Why comedy genius Carl Reiner’s death feels like a punch in the gut

Carl Reiner was one of those pop-culture fixtures whose death feels like a punch to the gut a la Joan Rivers or Robin Williams, who were also supposed to live forever.

Reiner got damn close in that department, passing away peacefully Monday night at age of 98 in his Beverly Hills home. The Bronx-born genius writer/actor/director’s long laundry list of iconic comedy credits included early TV’s megahit “Your Show of Shows,” a witty, urbane sketch/comedy show hosted by Sid Caesar and Imogene Coca, “The 2,000 Year Old Man” with Mel Brooks and “The Dick Van Dyke Show,” considered by many the best sitcom in TV history. He created the series and also played toupeed, egomaniacal producer Alan Brady.

Later, he moved into semi-retirement but kept busy by writing books, producing and starring in an HBO documentary about nonagenarians called “If You’re Not in the Obit, Eat Breakfast” (his motto) and staying active on Twitter. His last tweet was posted just hours before he passed.

I interviewed “Mr. Reiner” (as I addressed him — no “Carl” for such a legend) a handful of times over the past five years and found him always gracious (he often answered his own phone) and eager to reminisce, even on sad occasions. Mr. Reiner took my call when his beloved “Dick Van Dyke Show” co-star Mary Tyler Moore died in January 2017 and, through his obvious sadness, he gamely recalled how special she was (“She had an extreme grace,” he said).

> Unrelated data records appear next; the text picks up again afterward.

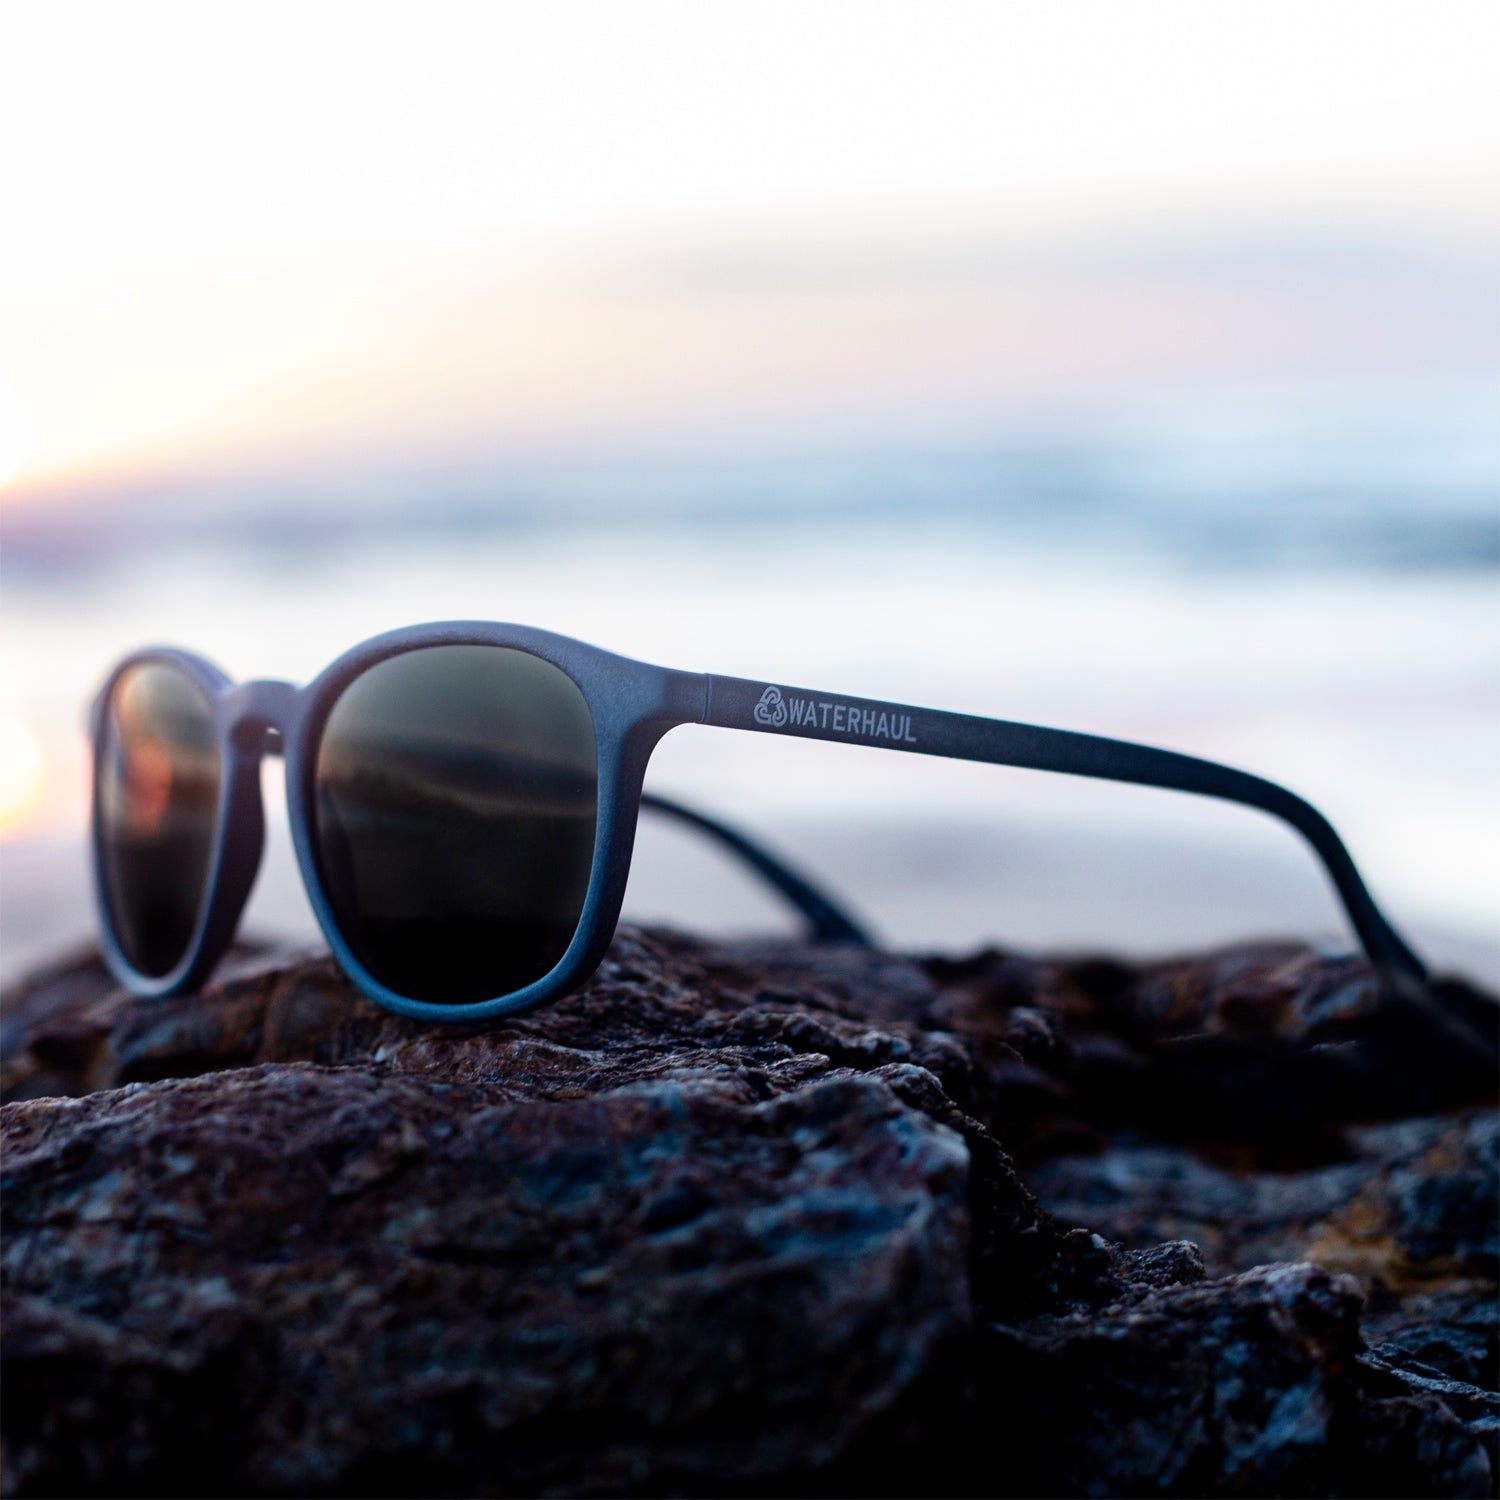 waterhaul kynance navy recycled sunglasses on rocks with sunset reflected in lenses 
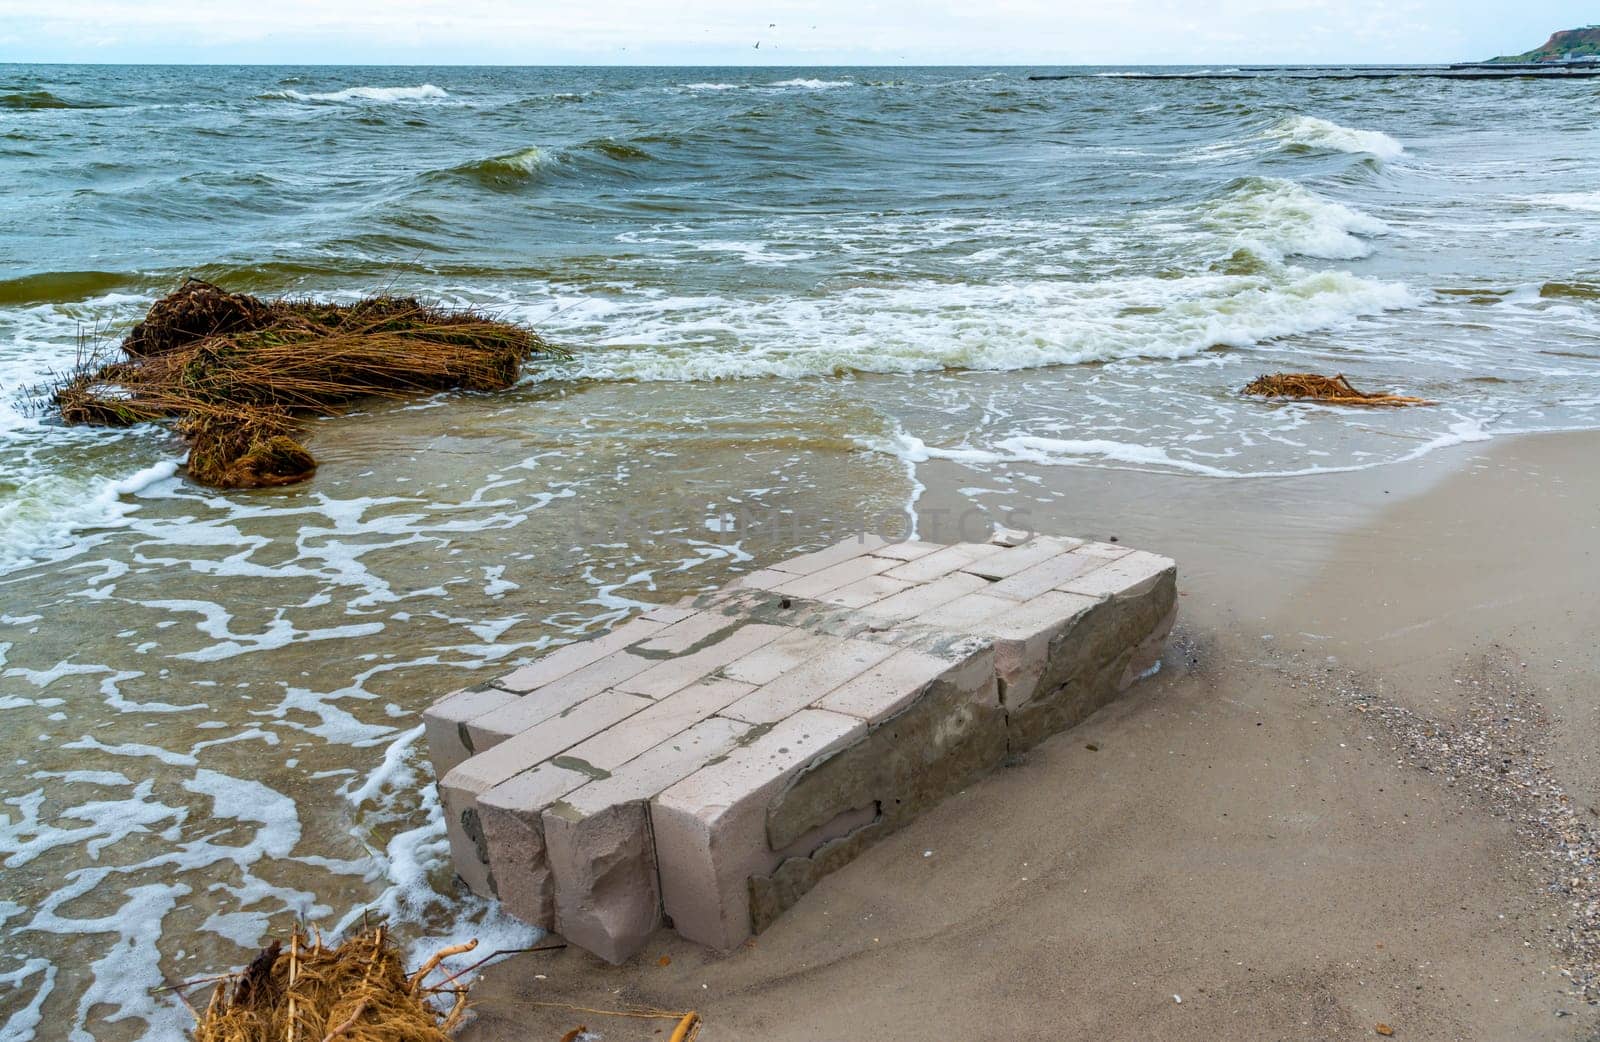 The explosion of the dam of the Kakhovka power plant, tons of floating debris and even foam concrete walls sailed to the beaches of Odessa by Hydrobiolog
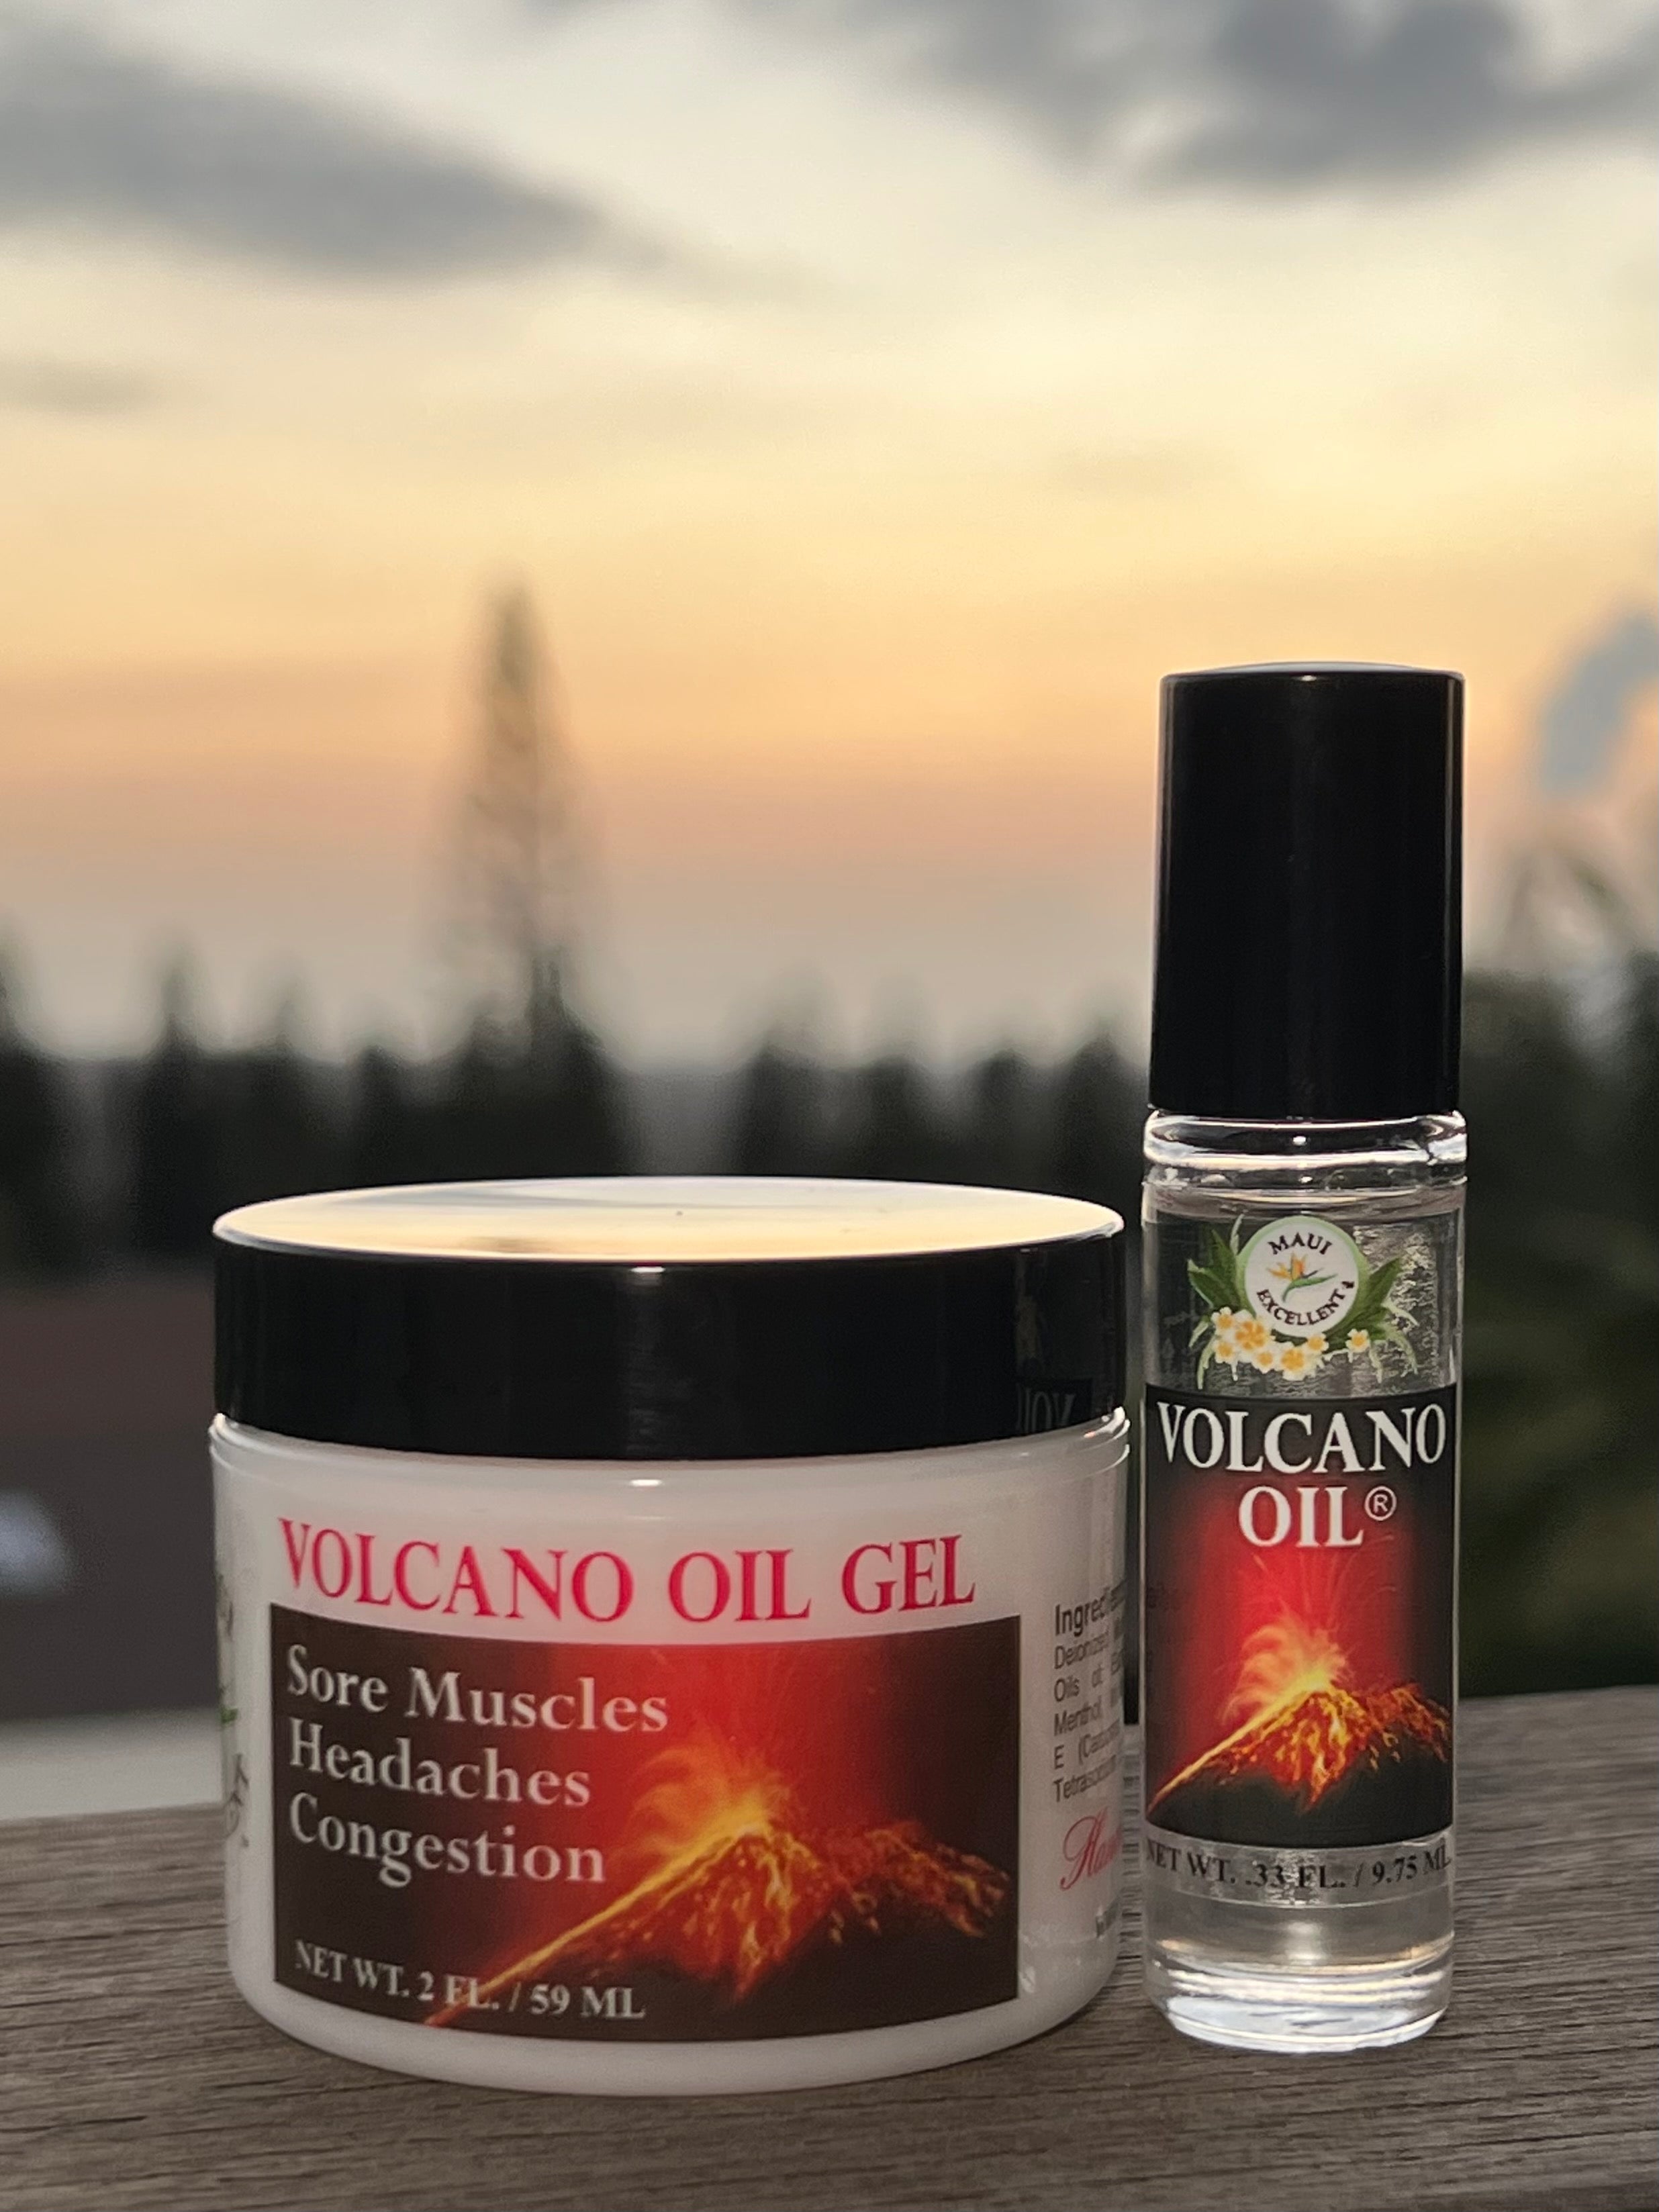 Maui Excellent Volcano Oil Gel and Volcano Oil Roll-on in foreground with sunset and tree silhouettes in the background.

His fondness for Moore was apparent when, in 2018, I called to talk about the now-colorized “Dick Van Dyke Show” episode, “Never Bathe on Saturday,” in which Moore’s Laura Petrie got her toe stuck in a hotel bathroom bathtub spigot. That, Mr. Reiner said, was based on a real-life incident with his beloved late wife, Estelle. “She was playing with the drip” with her toe, he recalled. He was still laughing about it nearly 60 years later. Priceless.

I always found it touching that he and his comedy partner and best friend, “2,000 Year Old Man” Mel Brooks, who turned 94 on Sunday, were still close to the very end. The lifelong friends met on “Your Show of Shows” in the early ’50s and got together frequently, usually at Reiner’s home, to kibbitz and have something to eat. I can’t imagine how Brooks is feeling right now.

And let’s not forget Mr. Reiner’s forays into acting and writing; channel-surf enough and you’ll see him in movies including the 1966 comedy “The Russians Are Coming, the Russians Are Coming” or “It’s a Mad, Mad, Mad, Mad World” or as Saul Bloom in George Clooney’s “Oceans Twelve” and “Oceans Thirteen.” He also directed Steve Martin three times in “The Jerk,” “All of Me” (with Lily Tomlin) and noir spoof “Dead Men Don’t Wear Plaid.” His talent cannot be measured in words.

When, in 2017, I interviewed Mr. Reiner, then 95, about “If You’re Not in the Obit Eat Breakfast,” here’s what he told me:

“Everybody must read the obits. And I have a little agenda now: I look at the date of people when they passed and say to each on, ‘I got you. I beat you.’”

Now, he’s joined all his friends and family members in Comedy Heaven. That must be a really fun place.